L’autunno segna il ritorno dei Melampus, duo bolognese già  famoso nel panorama underground grazie all’omonimo demo. Accenni new wave e una ricchezza di richiami elettronici, droni e loop, protagonisti assoluti di questa nuova stagione musicale, a testimoniare come Francesca Pizzo e Angelo Casarubbia (Buzz Aldrin) ci avessero visto lungo fin dagli inizi.

“Ode Road” gioca con echi vocali e musicali, in un incontro tra lo sciamanico e il funereo. Lo shoegaze si irrora di scariche elettriche, in una funerea processione liturgica che ricorda le sperimentazioni della Factory, questo anche grazie al lamento cacofonico a là  Nico (“Joel”). A cavallo tra i Schonwald e sprizzi synth goth dei Depeche Mode di “Violator” (“Fall”), i Melampus giocano tra reminescenze musicali di decadi passate e una freschezza interpretativa che li rende cupi, imperiosi e sicuramente conturbanti (“Freedom Day”). L’accoppiata di testi evocativi e un suono ipnotico, ripetitivo, infuso di delay e riverberi, crea un gioco di specchi che lascia per un attimo col fiato sospeso. Esempio lampante è “Double Room”, un brano in cui la cacofonia dei This Mortal Coil si fonde con una chitarra annacquata, fino a diventare sempre di più un ipnotico rito tribale (“Walk with Me”). Non manca qualche momento più leggero, come il riverbero sognante da synth-pop anni 00 di “Dots”, sicuramente necessario dopo una serie di brani intensi e dal ritmo serrato che suona tanto Badalamenti di Twin Peaks.
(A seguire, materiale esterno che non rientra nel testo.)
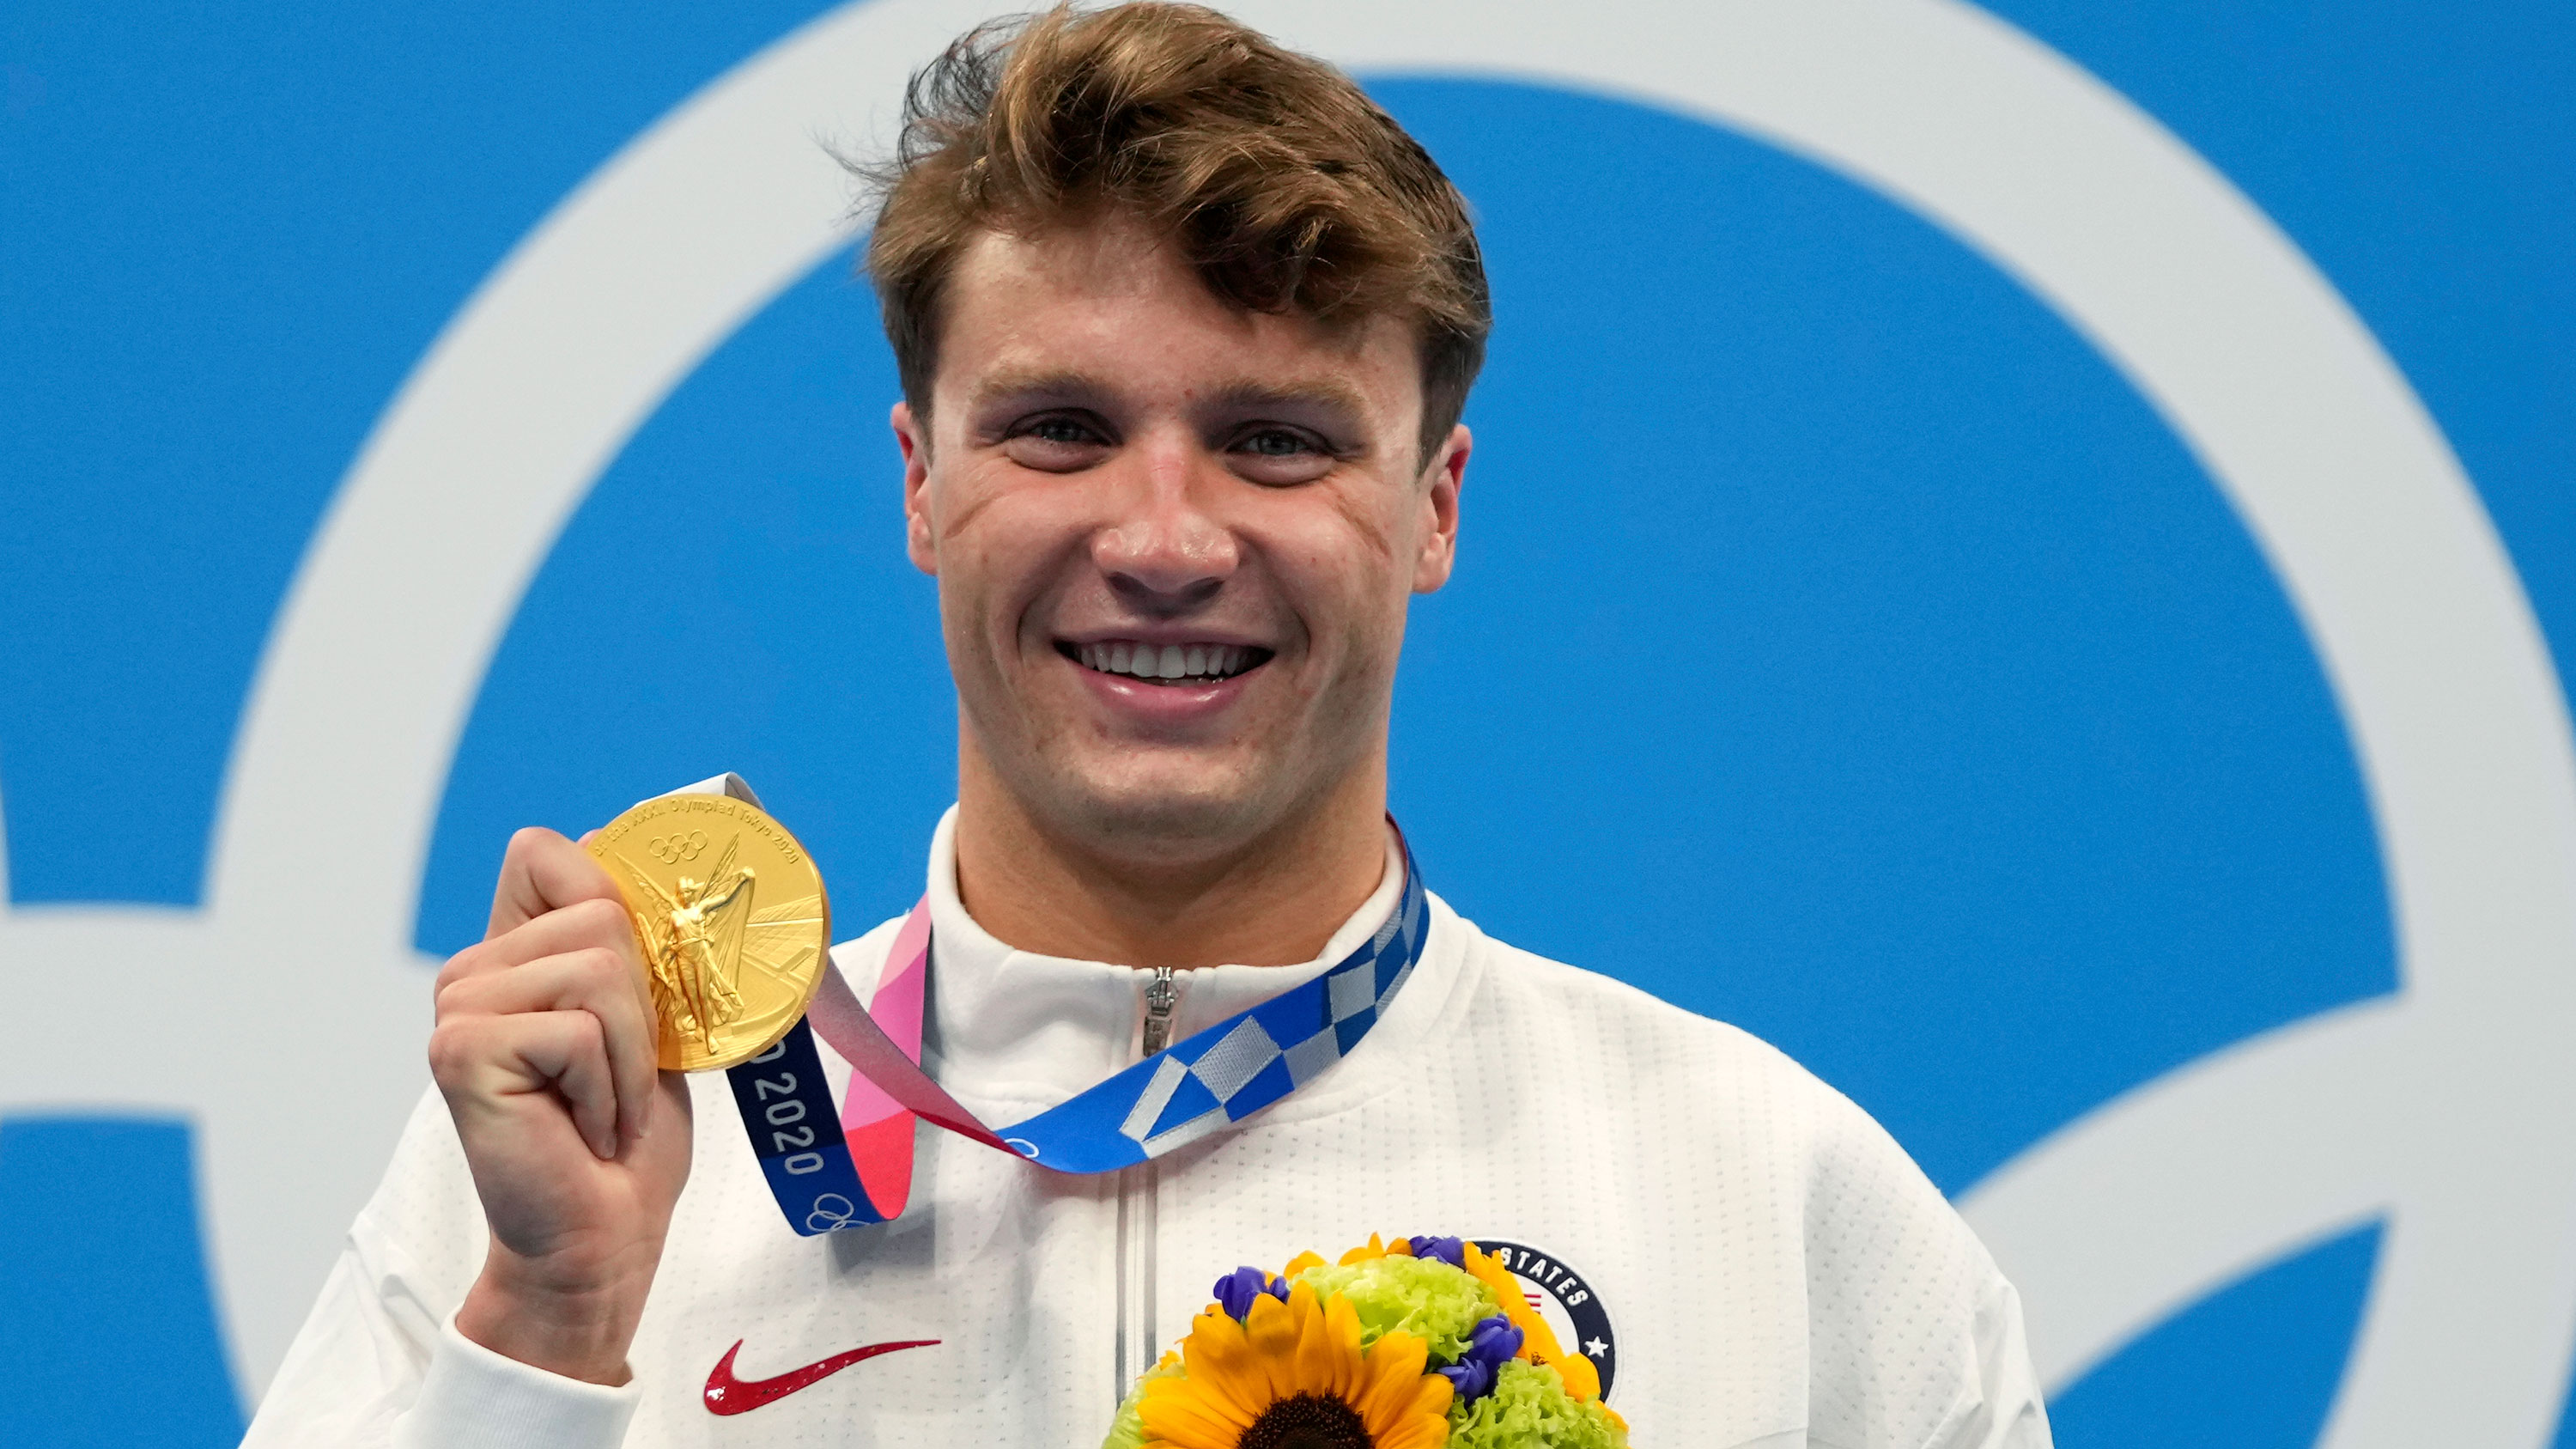 The United States' Robert Finke poses with his gold medal for the 800-meter freestyle on July 29.

“Ode Road” è uno di quei dischi da gustare e digerire con cura, se non per la sua complessità , per la carica emotiva che trasmette agli ascoltatori più attenti e sensibili. Coraggioso e imponente, questo primo disco dimostra che i Melampus sono ancora un passo avanti nel panorama tricolore di stampo indipendente.